If the IPC data for Sudan points to the largest famine by magnitude in forty years, the data for Gaza reveals the most severe humanitarian catastrophe since the IPC began. It is possibly the most concentrated, intense, reduction of a population to starvation since World War Two. The IPC assessments put the proportion of Gaza’s total population in IPC Phases 4 and 5 combined at between 37 and 69 percent. This compares with the worst recorded data from the hardest-hit locations in South Sudan, Yemen, Tigray and Somalia, which peaked at between 34 and 61 percent. Northern Gaza, taken on its own, peaked at 80 percent in IPC Phases 4 and 5. Northern Gaza is a data black hole today, but we have every reason to fear the worst. In my book, it’s mass starvation, it’s a famine that kills, and it’s a famine crime.

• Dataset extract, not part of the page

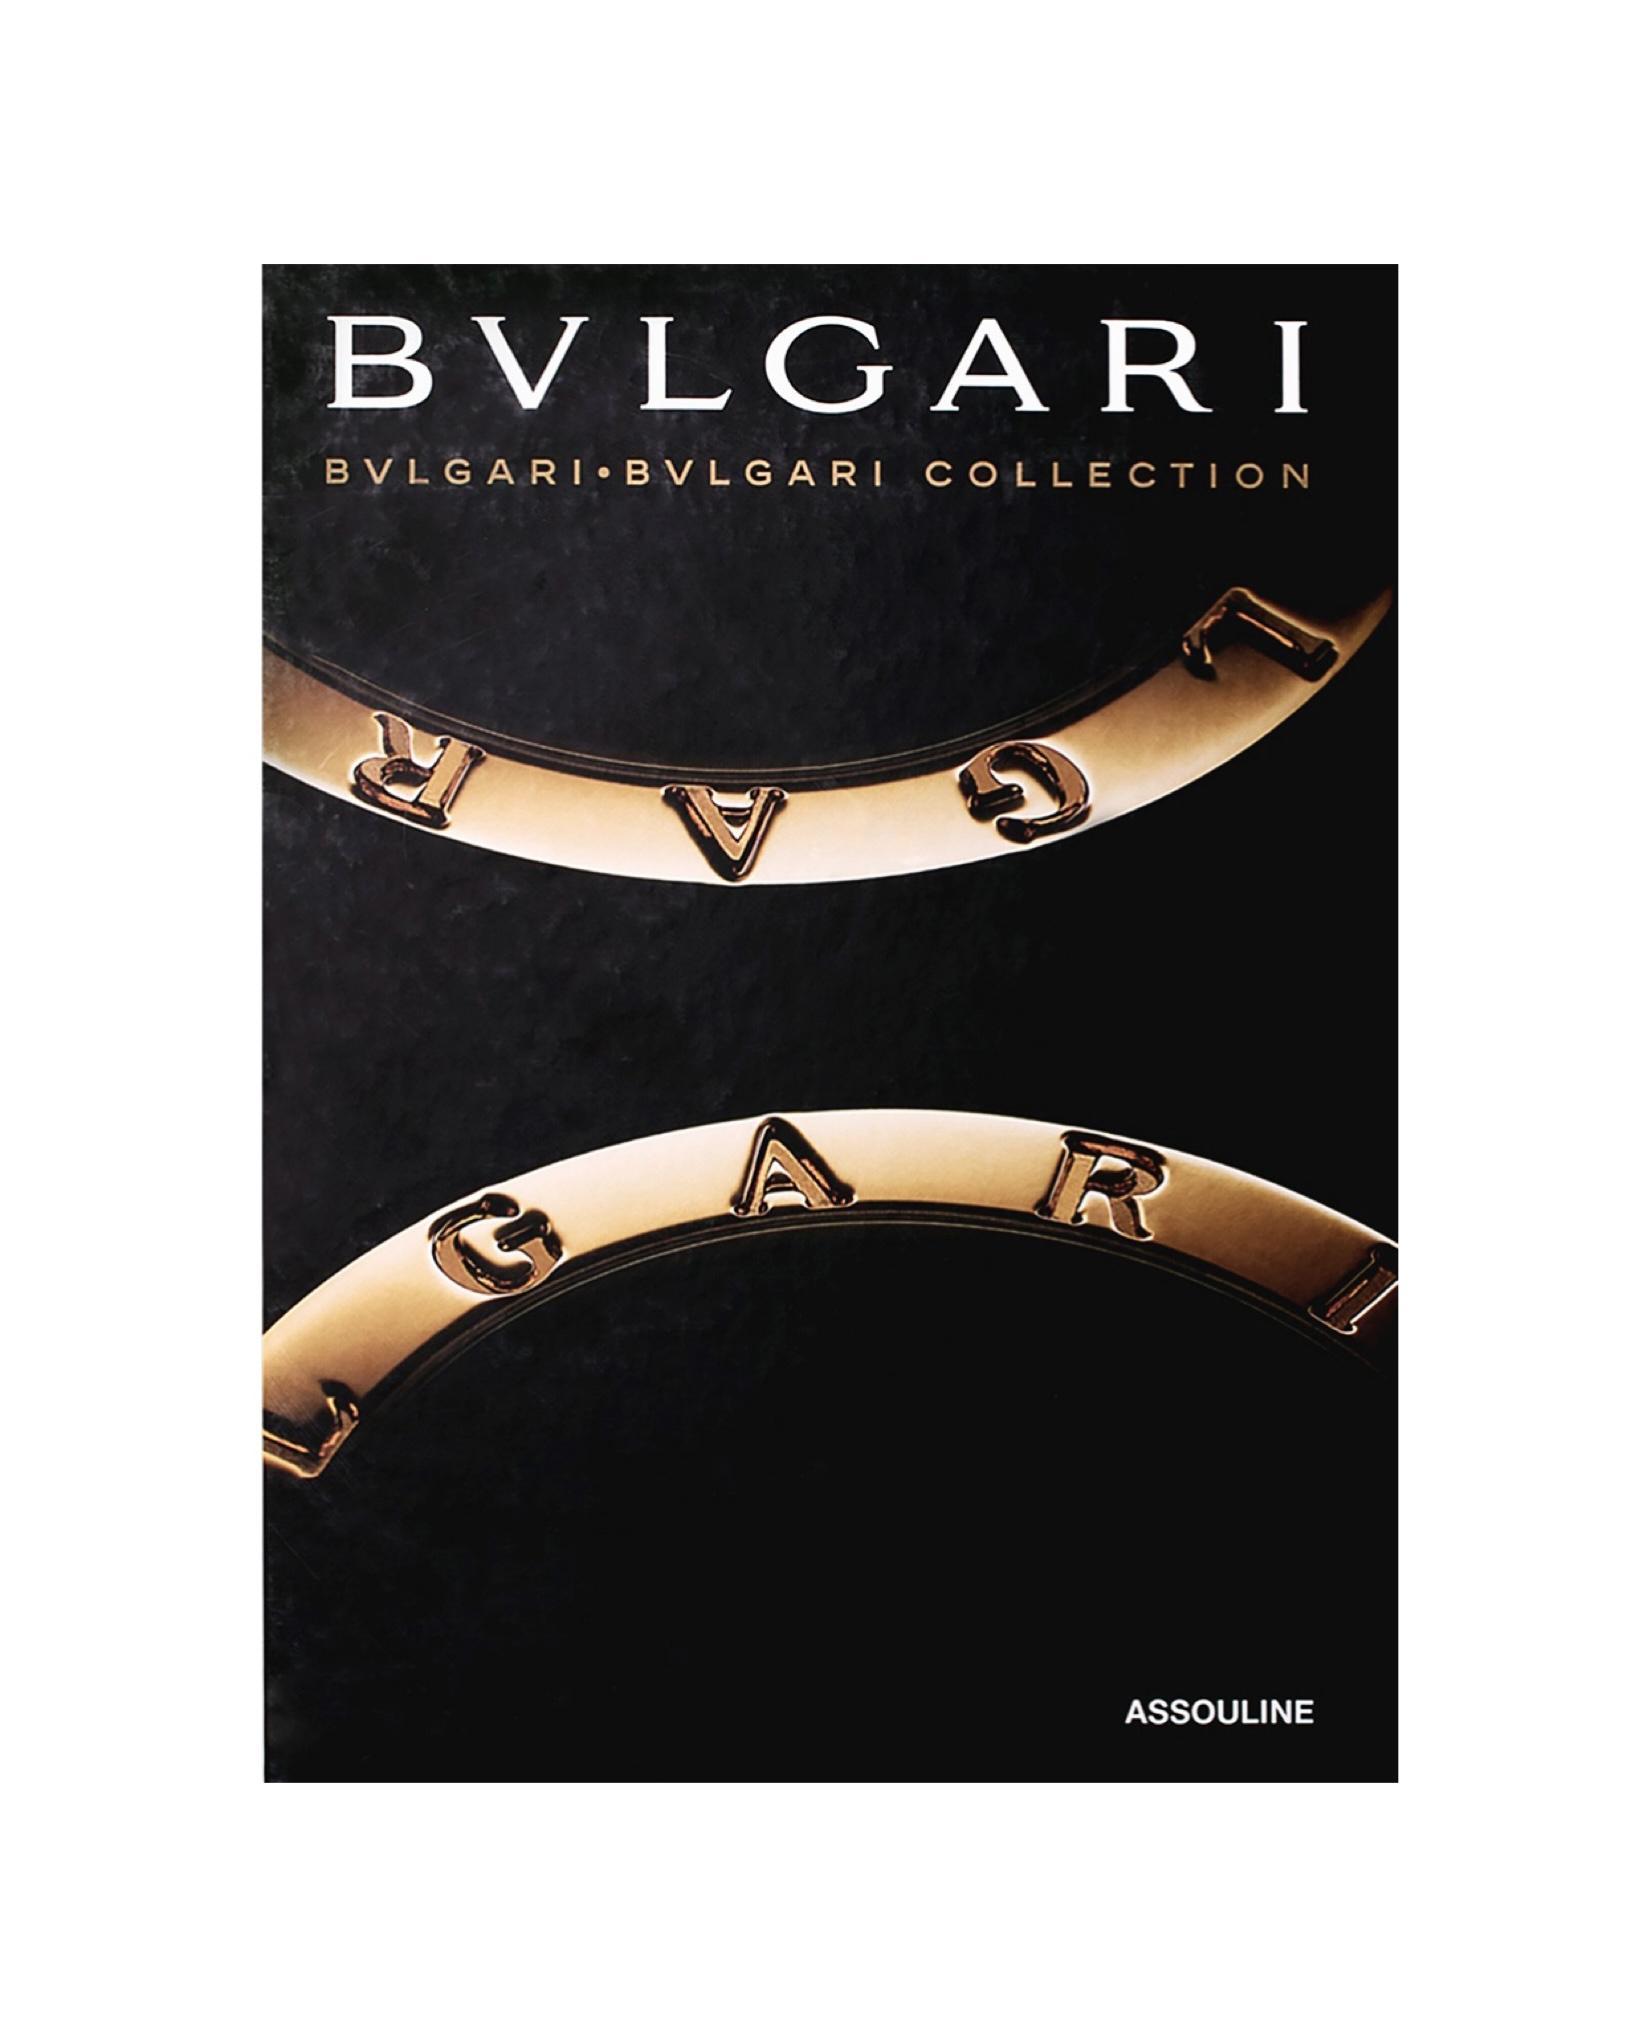 VLGARI Collection Bok IMAGE BY ME

The Gaza figures are particularly shocking because before October last year, acute malnutrition levels were about 1 percent, and general mortality was just a quarter of the background rates for African countries. Gaza was food insecure in the sense that most people relied on UN food assistance, which was allowed at Israel’s discretion. Many children suffered micronutrient deficiencies, but few were underweight. After October 7, acute food crisis indicators went off a cliff, at a speed without parallel.
Israel and its foreign allies have some tough questions to answer. Is Israel pursuing a strategy of starving Gaza, but just short of the level that would prompt a famine declaration? Is Israel limiting humanitarian data gathering to ensure that the indicators don’t meet the critical threshold? Are Israel and its allies aware that, even though they may keep the IPC indicators below the official threshold for famine, the current levels of mortality could, by magnitude, easily add up to famine levels? That there could, quite plausibly, be 100,000 deaths—a statistic—without any official declaration of famine? And are they aware of how this catastrophe is a societal trauma, the destruction of a group? And just as we should assess what is happening in Gaza by the same metrics as other humanitarian emergencies around the world, so too should we diagnose and challenge the strategies for denial. We can acknowledge that the story of how we got to where we are today is complicated, and that there are alternative futures, perhaps better ones, to be plotted. But we shouldn’t deny what is actually happening today by invoking something purportedly more important.
Justice Aharon Barak is a former president of Israel’s supreme court. In 1999, in a well-known decision, he ruled against the use of torture by Israel’s security services, even against known terrorists. “Although a democracy must often fight with one hand tied behind its back,” he wrote, “it nonetheless has the upper hand.” When South Africa brought its case against Israel to the International Court of Justice eleven months ago, Barak was nominated by Israel to sit on the bench. In March, South Africa demanded a provisional measure that Israel facilitate immediate, widespread, and effective humanitarian assistance. Barak voted for this order, making the decision unanimous. His vote, consistent with his conscience and his belief that a democracy cannot use unlimited force, poses a question: Which will prevail, Israel’s claim to being a democracy with the rule of law, or famine in Gaza?
History tells us of the undying shame of those who denied famine in Ukraine, in Bengal, in Ethiopia, and in Sudan: the moral decay of those who inflicted it, those who covered it up, and those who preferred not to ask. We must learn this lesson.